If you’re a country like Vietnam, geopolitically, yes, it is easier to balance away. Economically, it’s much more difficult. If Trump’s calculation is that because we have the consuming power, because our economy is so central to the world economy, many of these countries will have no option but to face the music — in the short term especially, that’s somewhat true.
The question is about alignment in the long term. This could create conditions where lots of countries on the 10-year horizon say, “Maybe we should look towards something more like autarky for ourselves, or maybe we should balance away towards some other option.” I can see that as a realistic response from some countries. But in the short term, I don’t think there’s a “We’re not going to play with the United States anymore” option. In 15-20 years, maybe.
Jordan Schneider: There were some expectations that you could make about America, really post-1945. Trump’s idea that trade is bad and other countries are ripping us off represents a fundamental shift — it’s no longer part of America’s strategic vision that the countries we’re friends with should also succeed economically.
Tanner Greer: I anchored this first part of the discussion by talking about how Trump enjoys and finds strategic value in uncertainty. In my mind, when you look at most foreign countries, what they want from the United States — those who are in our alliance system as well as those who are major trading partners — the vast majority of what they want is actually certainty. They want to know what will happen, at what speed, in what way, so they can prepare.
If you’re a mouse among fighting elephants, you really want to know where the elephant is going to step. Trump believes he has many advantages in not letting anyone know where he’s going to step.
I believe the ability of American allies to accept worse conditions relative to what they’ve been given is actually pretty high. What will be much harder for them is not knowing what conditions they can accept at any point in the future.
If they’re not given some sort of enduring deal that they believe represents the new reality — where they can assess those terms and say, “Okay, this is the new deal, we can do this or we can do things the Chinese way,” and can make that decision — problems will arise.
But if the reality is that the Chinese are very stable in what they want, while the Americans are all over the place — where allies don’t know what America will say, not just administration to administration, but month-to-month, year-to-year — that’s going to be a bigger problem. This will be even more problematic than just not treating allies as treasured partners that share values and other such principles.
This sort of capriciousness or arbitrariness will cause issues in the long term.
Jordan Schneider: Can you come back from something like this? We had big fights in Trump’s first term, and then we had USMCA. If playing these games and having a negotiation is the most fun thing for him, is this just the base case for the next four years?
Tanner Greer: This is an interesting case because we have a lot of data on how Trump ran the last administration — four whole years of how it worked. One interesting question is whether the way things have worked for the last three months is more predictive than how things worked during the previous four years.
There are some discontinuities.
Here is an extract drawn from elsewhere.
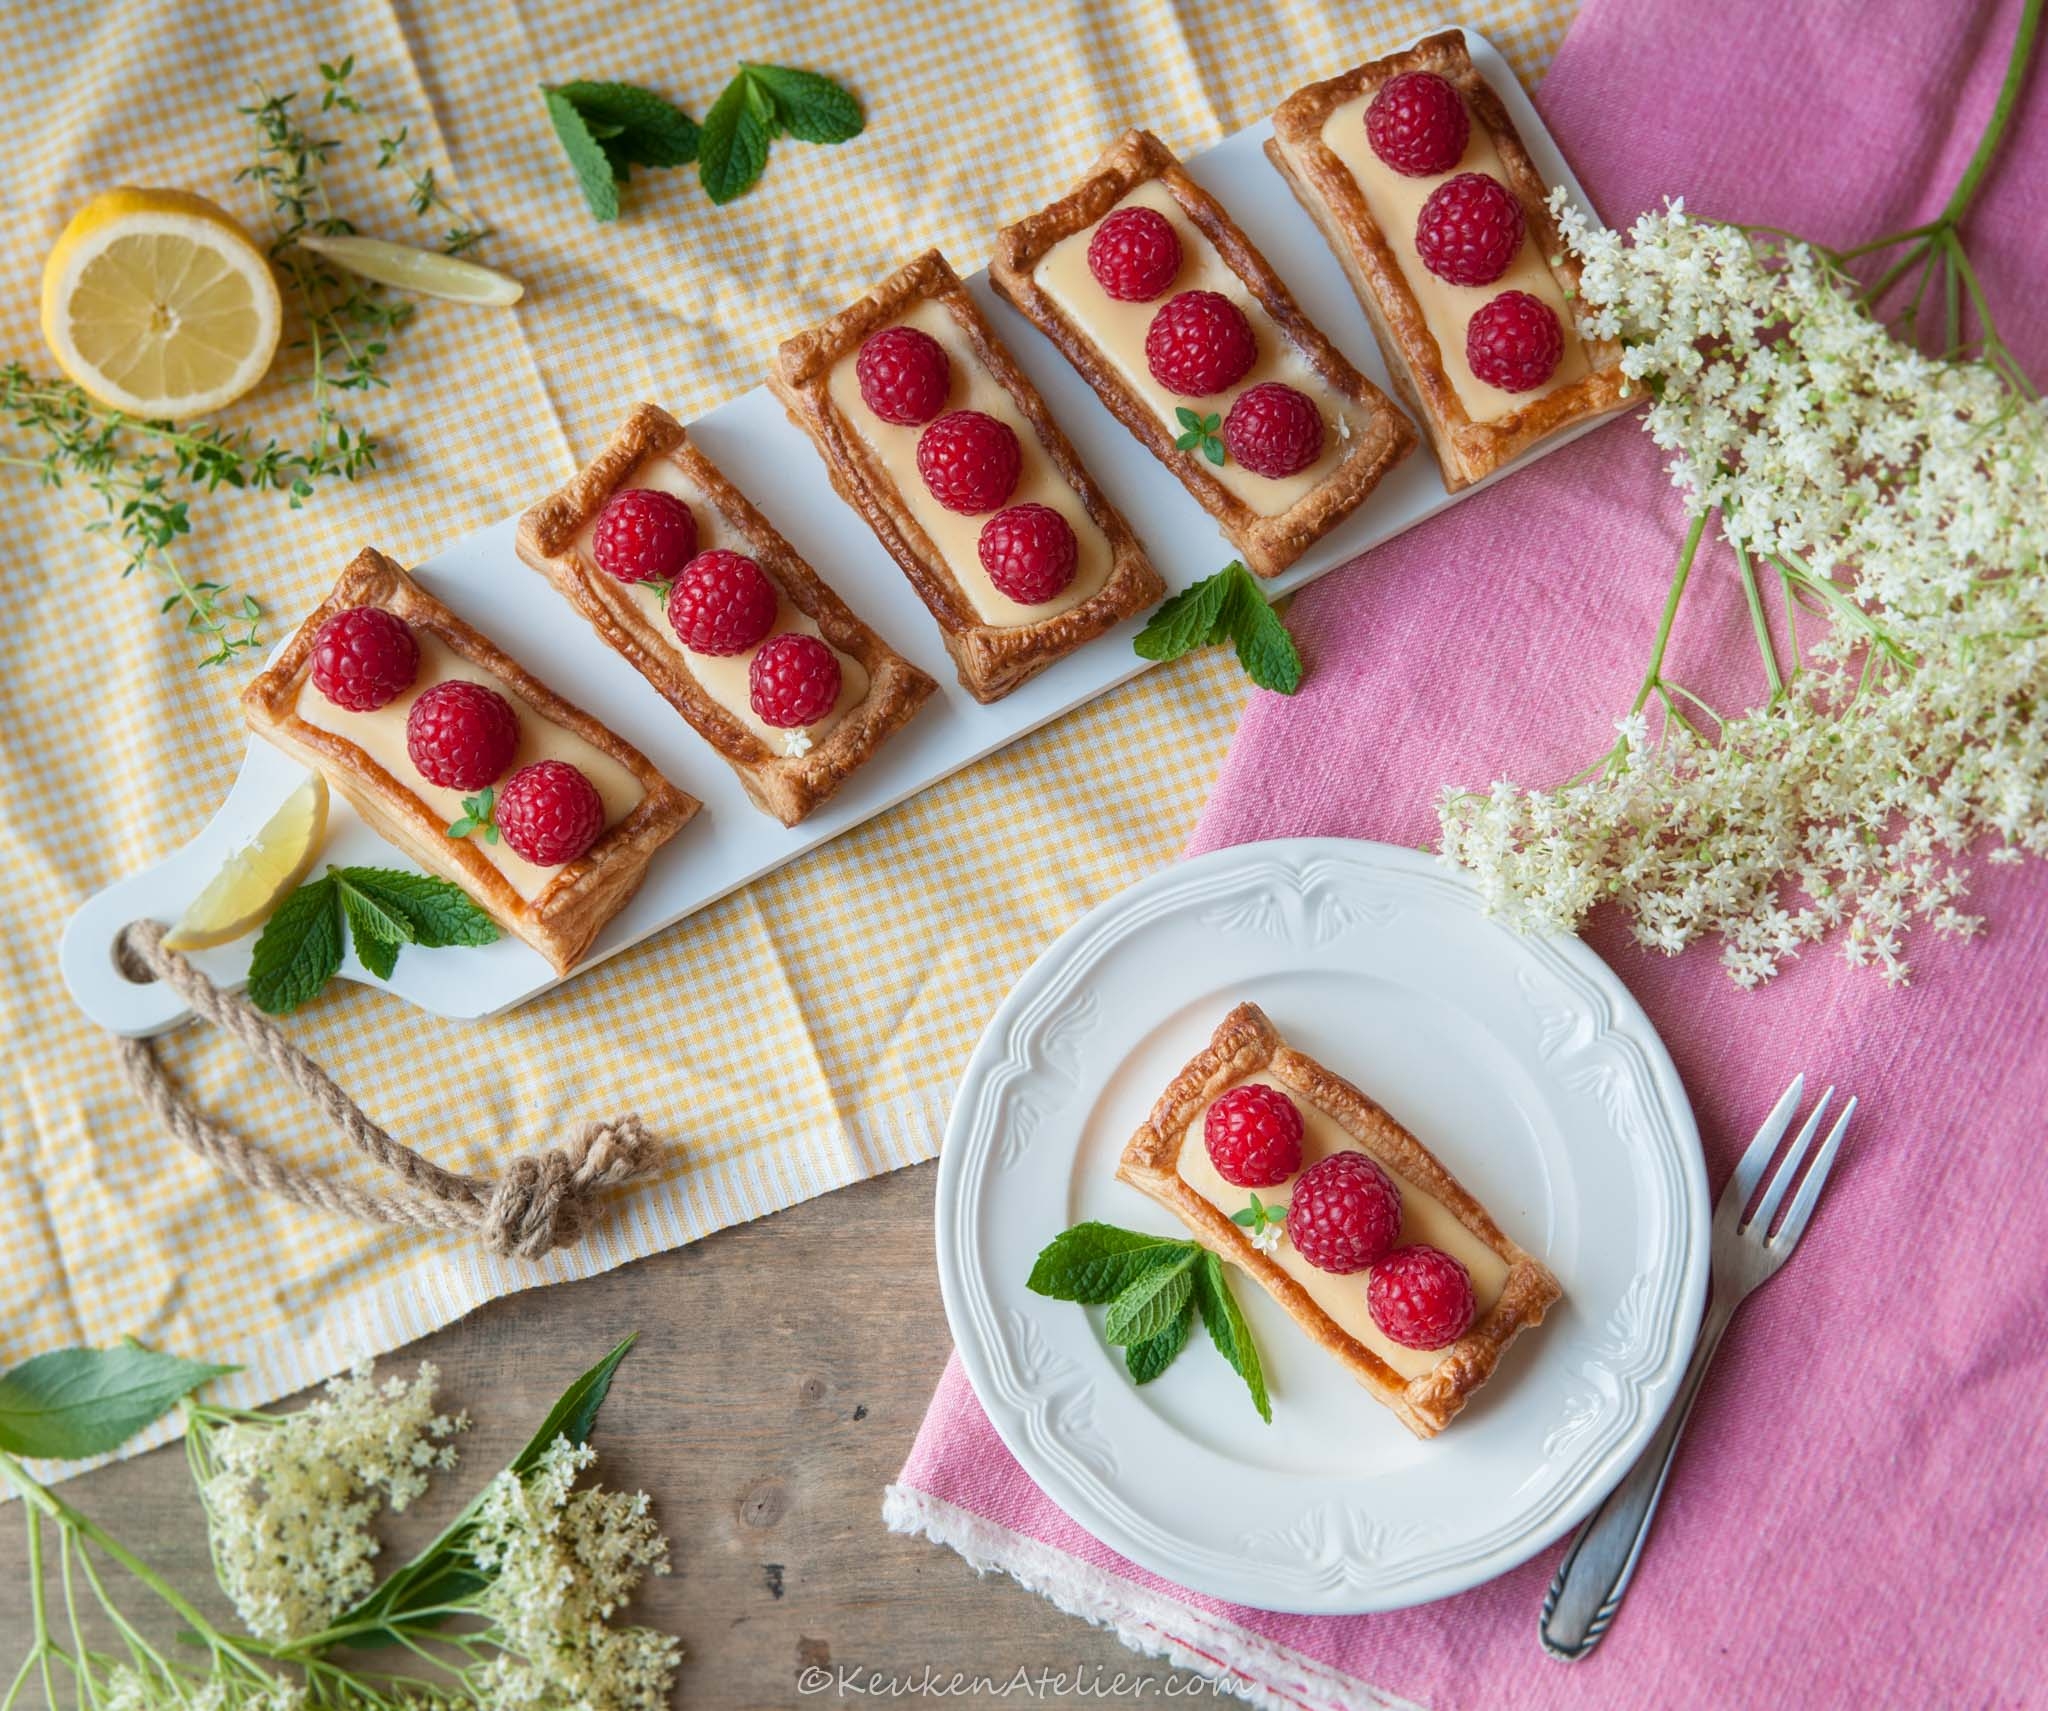 citroen frambozen taartjes 2 | KeukenAtelier.com

Take these tariffs, for example. When Trump announced the China tariffs in the first administration, they were implemented in installments. They started small. Well in advance, it was known that tariffs would be at this level, then this level, then this level, and so on as we applied graduated pressure against the Chinese. It was not “25% tariffs on this country tomorrow."
One question you have to ask is, what’s the difference between the two administrations? Why did the first one have this more measured response, whereas the second one does not? Even when playing the same game, the markets responded much better to the first approach because they had time to plan and prepare.
You could point to a few factors. Robert Lighthizer isn’t here right now. He was an extremely respected individual who had Trump’s ear. He was good at talking to Trump and getting Trump to say what he wanted to do. Lighthizer was very much of the mind that if we’re going to implement a tariff schedule, we’re going to do it above board. It’s going to be completely legally nailed down so the courts don’t challenge us and bring it down. We’re going to go slow and measured, but we’re going to do it.
The corresponding figure on trade policy in this administration seems to be Howard Lutnick. He doesn’t seem to have that same “slow and steady wins the race” sort of personality. This is just my observation as an outsider — I don’t have special insight into how it actually works. But based on what I’ve seen him say and what media reports say, it seems like he wants to push faster than USTR did in the previous administration. If he were to leave, then maybe things would shift somewhere else. I could see that happening.
Jordan Schneider: The whole idea is that you apply a coefficient of poor staff work to all the policymaking. You have both the Trump madman who wants to be on the phone hustling people, and you have poor execution. There’s an exemption for semiconductors, but it applies to CPUs instead of GPUs.
Clearly they wanted to have some carve-out for AI, but they just did it wrong with last-minute staff work. You’re blowing up Madagascar’s economy, and it’s not like America is going to be growing vanilla beans in the US anytime soon to compensate. If you’re going to let Laura Loomer fire people, are you going to get better staff and better execution? Probably not.
Tanner Greer: I’m sympathetic to the argument that what they want to do doesn’t matter if they can’t do it well, especially when trying to rejigger the global trading economy.
In preparation for this discussion, I reread something by Stephen Miran, who’s the Council of Economic Advisors chair for the Trump administration. He wrote a big 40-page paper in December with all kinds of academic citations about how we should use trade as leverage to redo the existing financial trade order to be more favorable to American manufacturers and more sustainable for American budgets.
It’s a pretty smart and interesting approach. What struck me in reading it now is how he talks a lot about being cautious and careful when implementing these changes. He emphasizes the need to be slow and graduated, “just like we were during Trump’s first term.” He says it repeatedly: “Just like we were during Trump 1.0. We need to do it that way, just with more ambition.”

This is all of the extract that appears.